Good delegation expands what a lawyer can do for a client. Poor delegation creates a second problem on top of the first. The difference is knowing when the task is not ready to be handed off, or should not be handed off at all.
Do not delegate unclear strategy
If you cannot explain the objective, authority limits, and acceptable outcomes, the task is not ready. Local counsel can help execute a defined step, but they should not have to guess the client's strategy from a bundle of documents.
Do not delegate outside competence
A network is not a way to sell expertise you do not have. If the client needs specialist advice, bring in the specialist transparently. Delegation should support competent service, not disguise a gap.
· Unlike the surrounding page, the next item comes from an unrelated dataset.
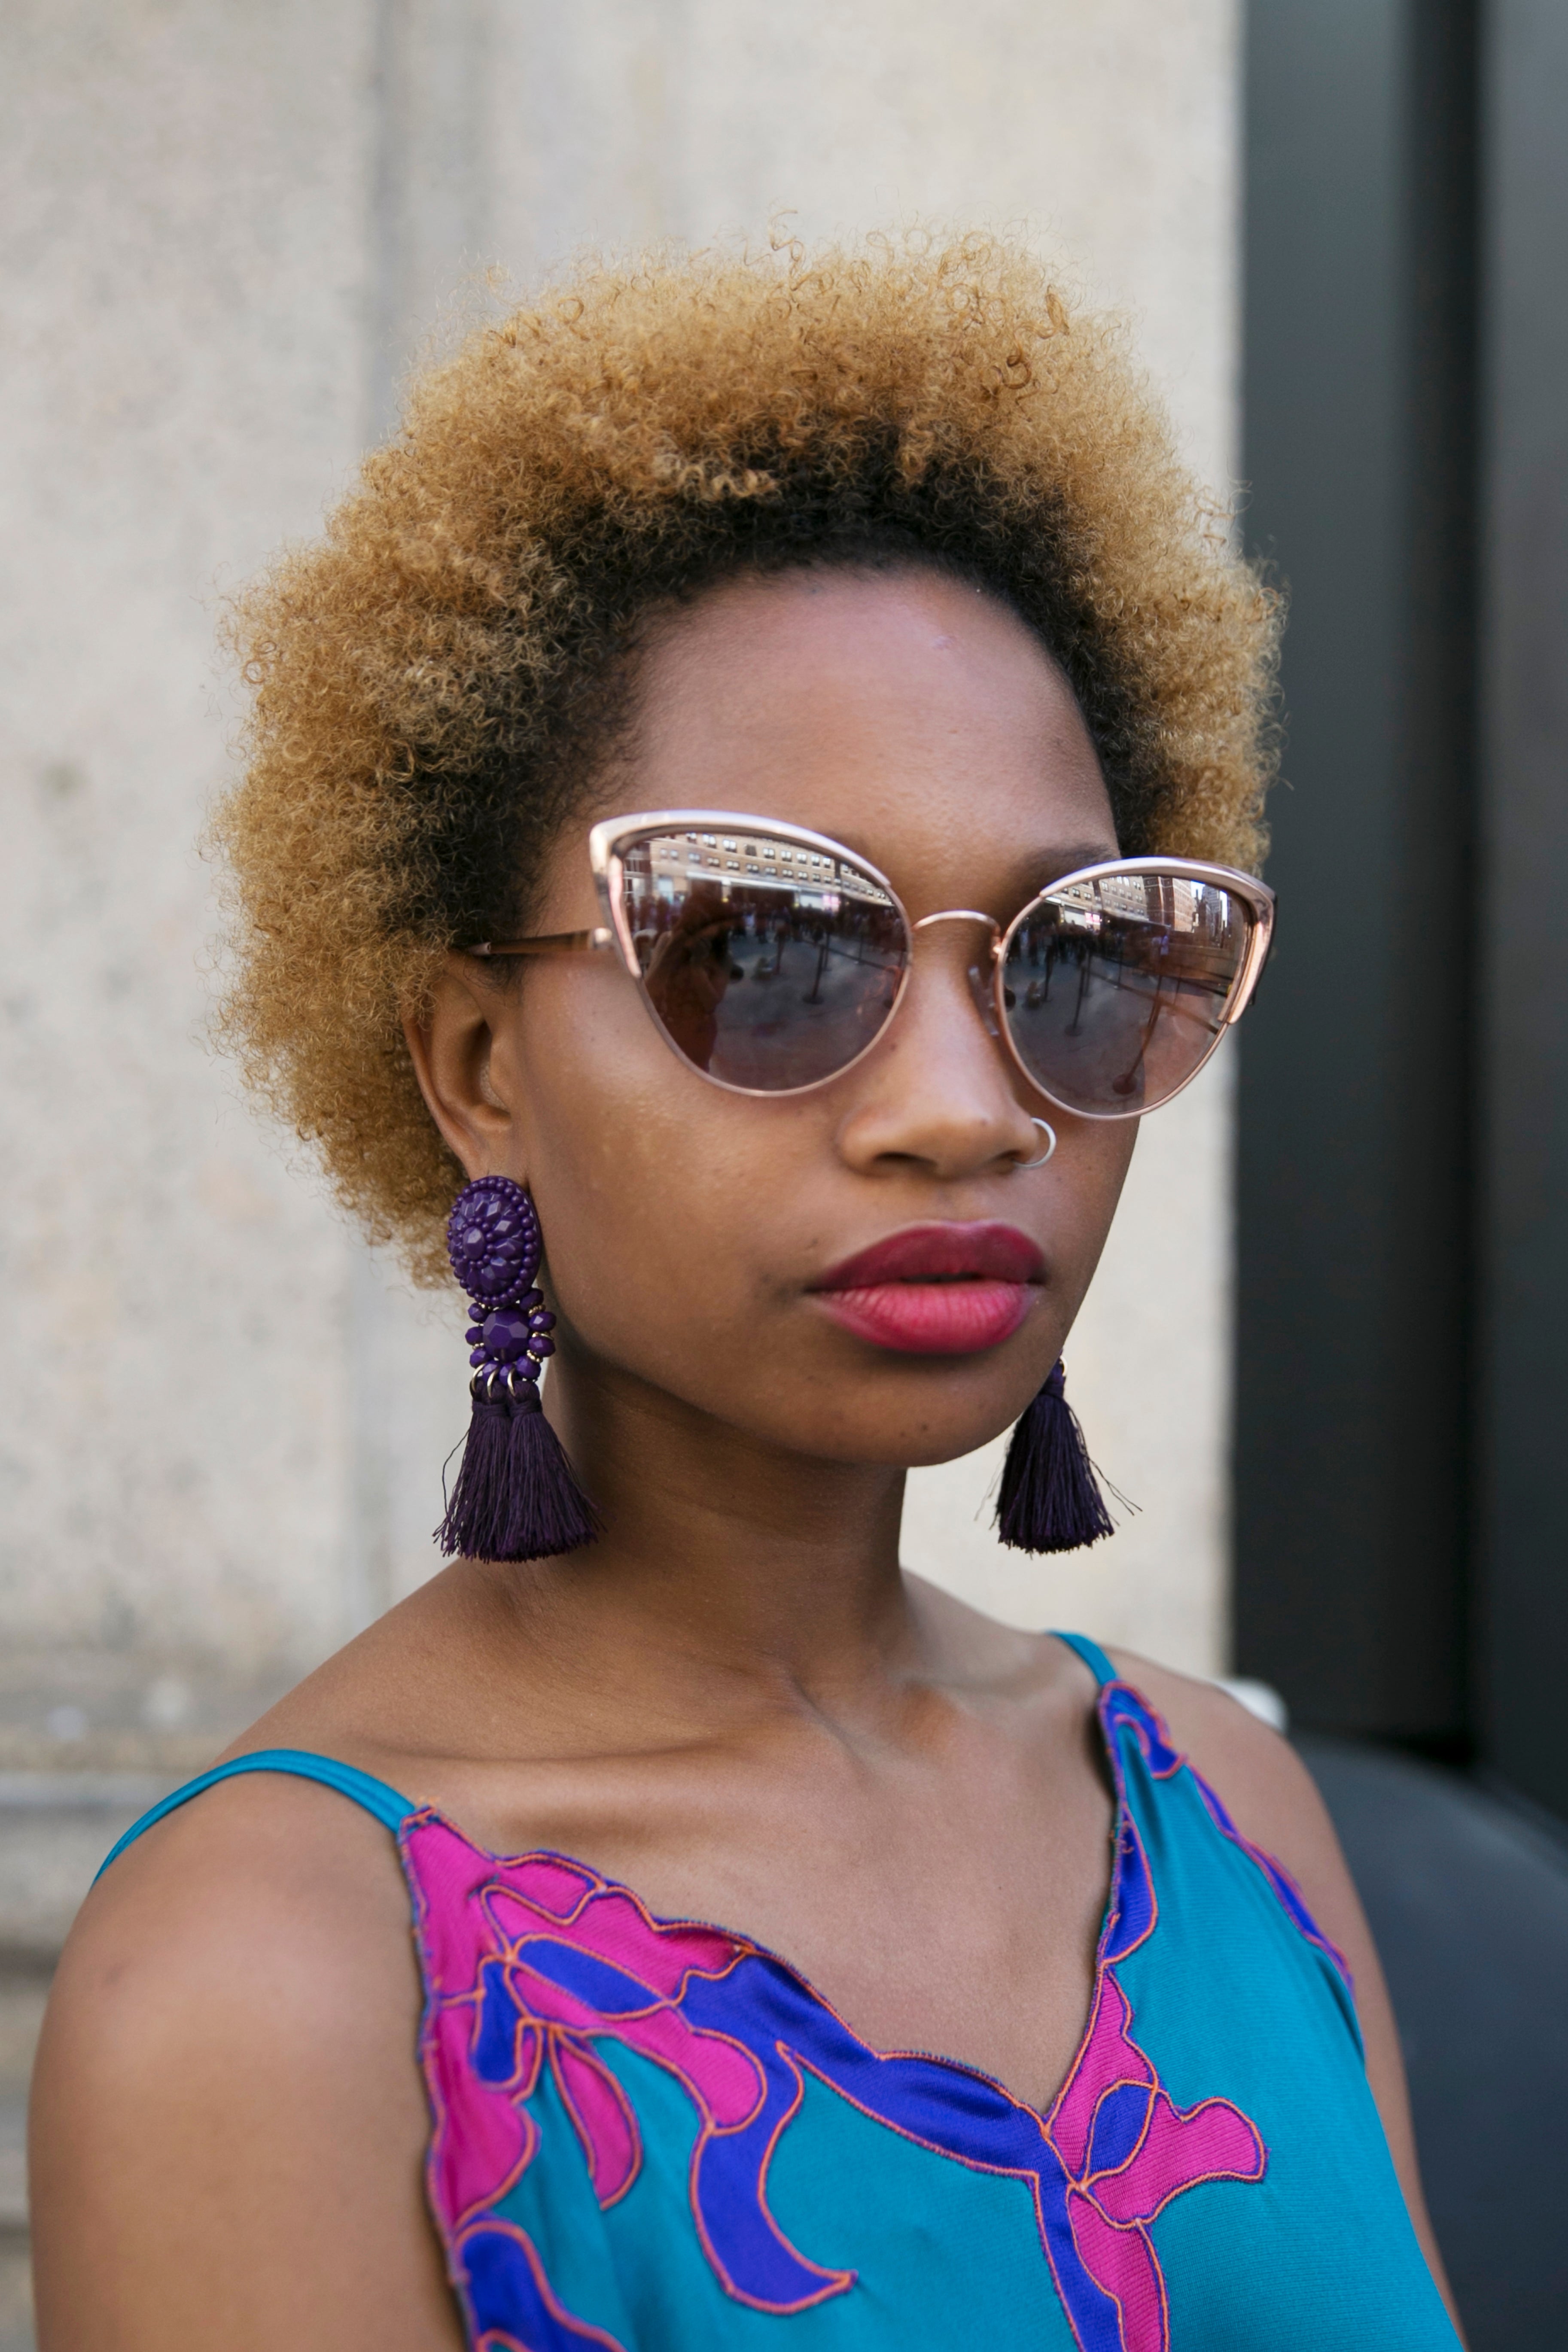 NYFW Hair and Beauty Looks From Street Style Queens

Do not share before conflicts are cleared
Pressure is not a reason to send the file first and ask questions later. If the receiving lawyer cannot clear conflicts quickly enough, narrow the disclosure or find another colleague.
Do not proceed where the client would be surprised
If a reasonable client would expect to be told that another lawyer is involved, tell them. Informed clients rarely object to proper local support; they object to silence.
Do not delegate non-delegable judgment
Some decisions belong with the lawyer who owns the client relationship: settlement posture, admissions, privilege calls, commercial risk, and final advice. Local counsel can inform those decisions, but should not accidentally inherit them.
The safest lawyers are not the ones who delegate everything. They are the ones who delegate the right task, to the right colleague, with the right boundaries.